AutoAWQ
AutoAWQ copied to clipboard
[Performance degrade]phi-3-medium-128k-instruct after awq quantized, then output repetitively
phi-3-medium-128k-instruct was quantized by autoawq the quant-config:
quant_config = { "zero_point": True, "q_group_size": 128, "w_bit": 4, "version": "GEMM" } nothing changed in the quantize.py file
then, run the generator.py as the following:
from awq import AutoAWQForCausalLM
from awq.utils.utils import get_best_device
from transformers import AutoTokenizer, TextStreamer
import argparse
parser = argparse.ArgumentParser()
parser.add_argument('--quant_path',type=str, help='The Quantized Model Path')
parser.add_argument('--prompt',type=str, help='Prompt for generator')

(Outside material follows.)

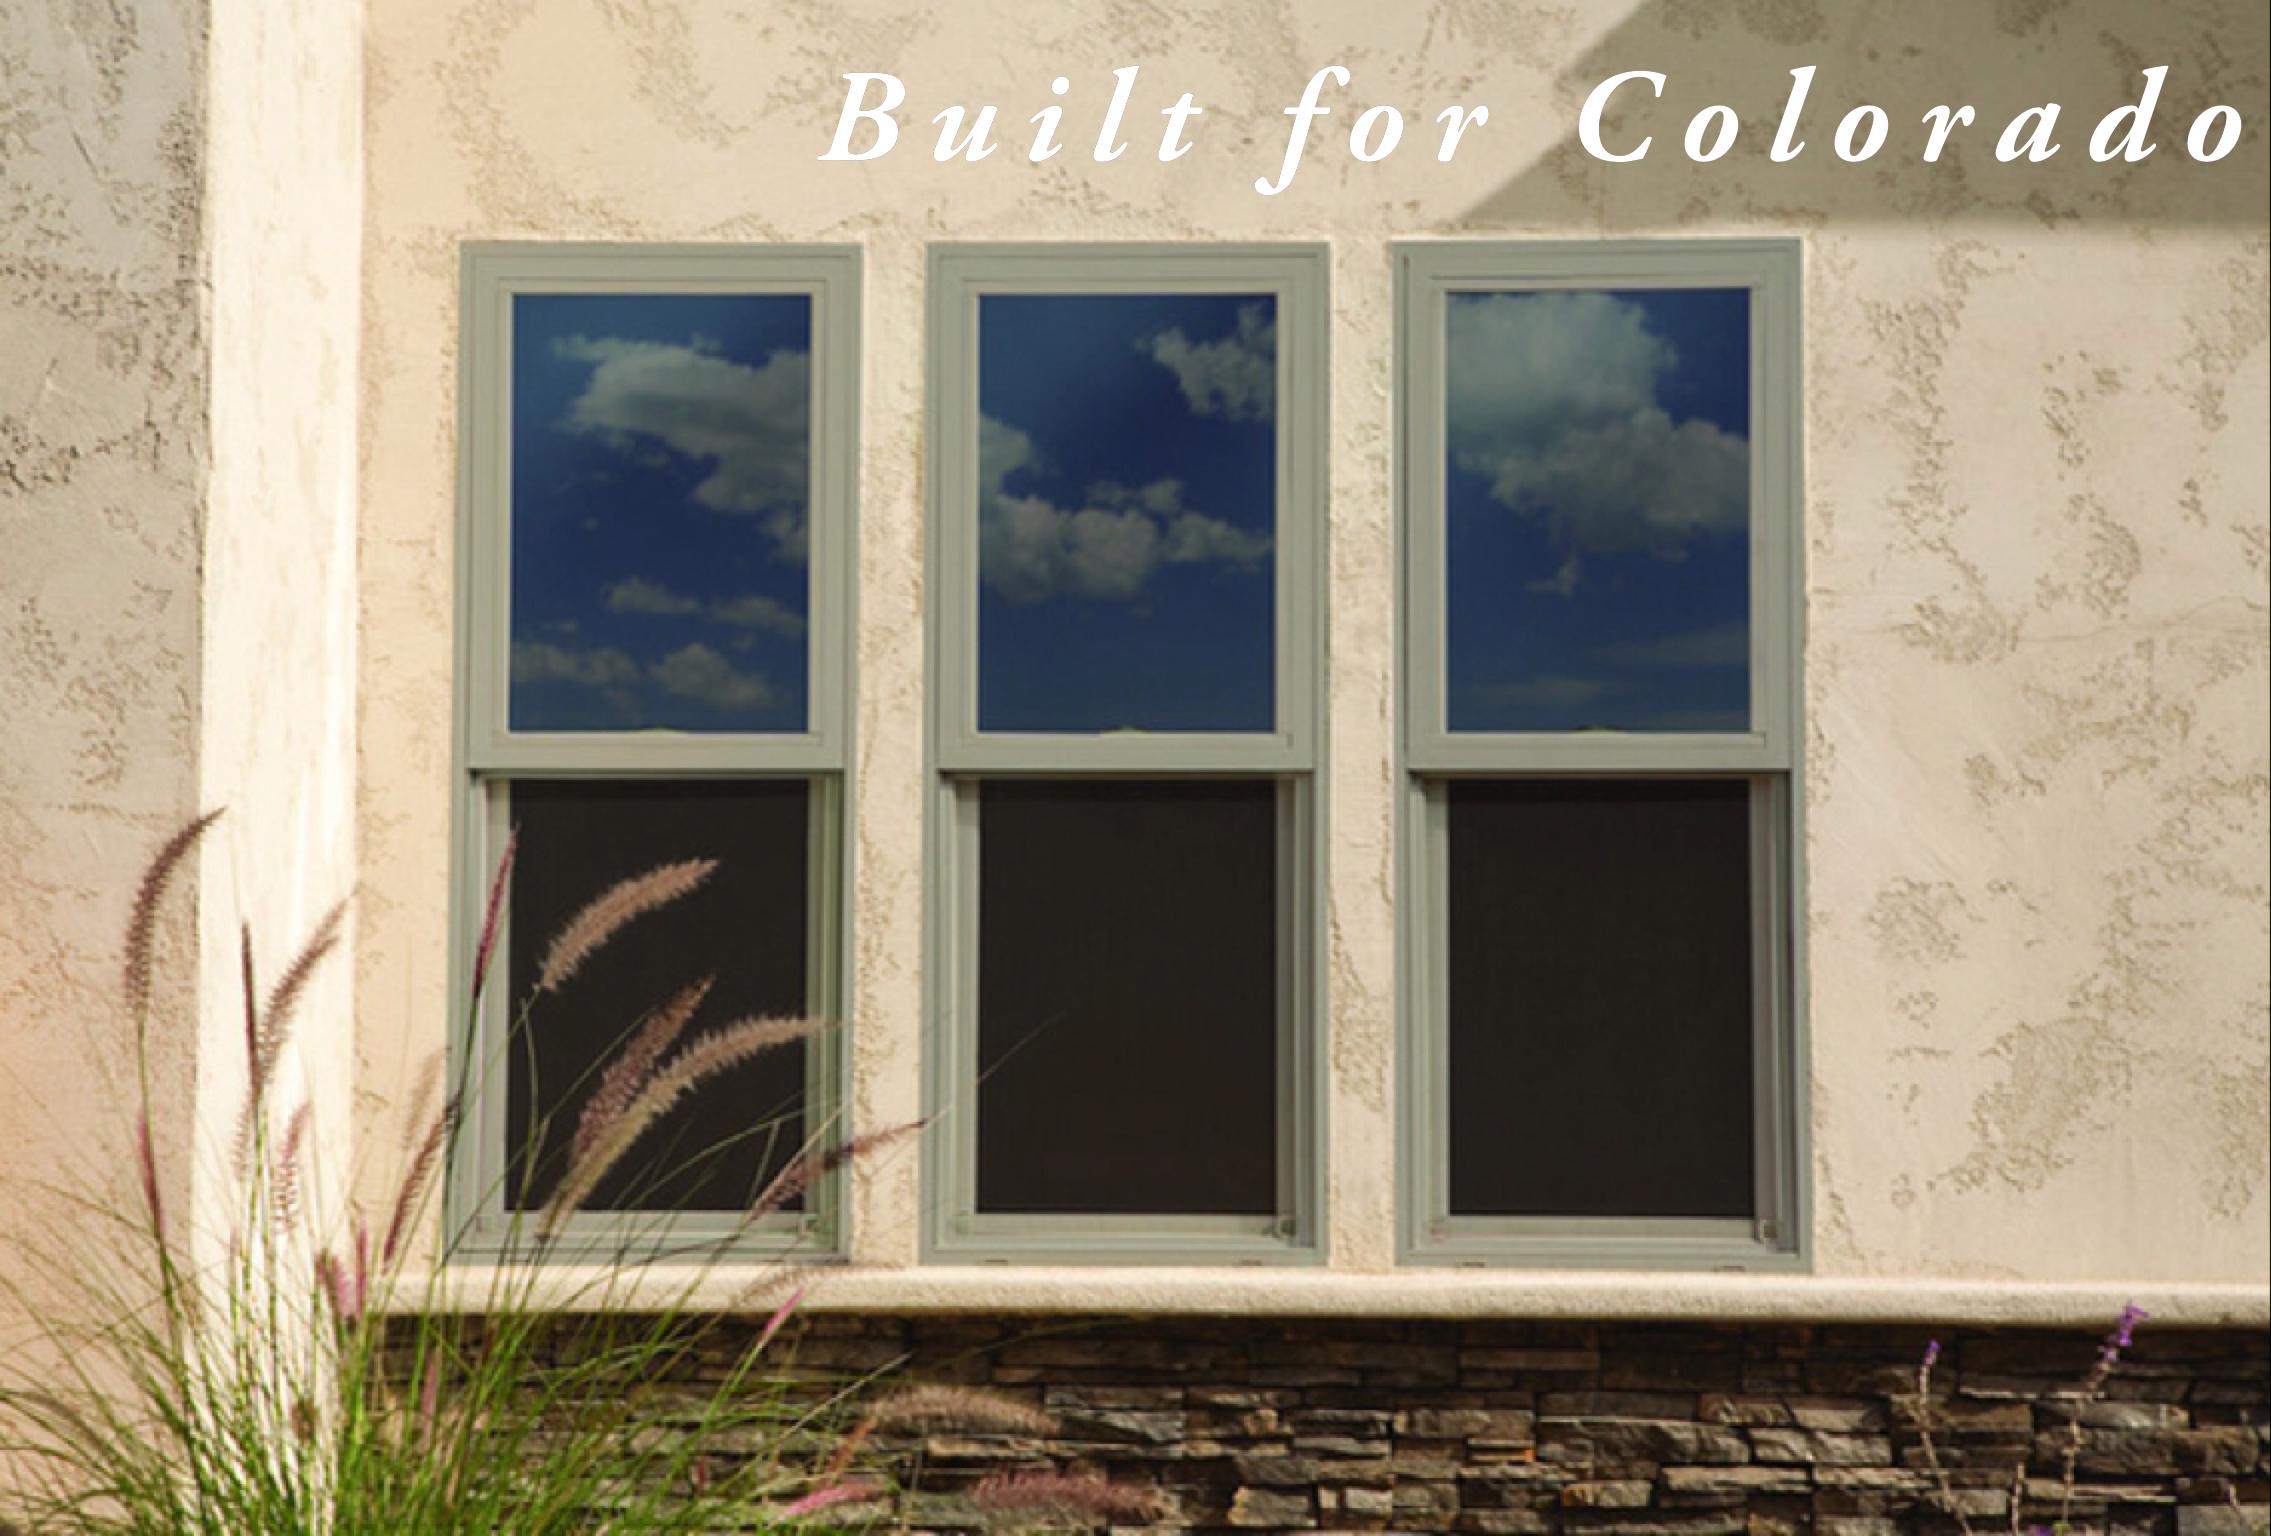 replacement windows, windows, colorado, denver, trwindowservices

args = parser.parse_args()
quant_path = args.quant_path
# Load model
if get_best_device() == "cpu":
model = AutoAWQForCausalLM.from_quantized(quant_path, use_qbits=True, fuse_layers=False)
else:
model = AutoAWQForCausalLM.from_quantized(quant_path, fuse_layers=False)
tokenizer = AutoTokenizer.from_pretrained(quant_path, trust_remote_code=True)
streamer = TextStreamer(tokenizer, skip_prompt=True, skip_special_tokens=True)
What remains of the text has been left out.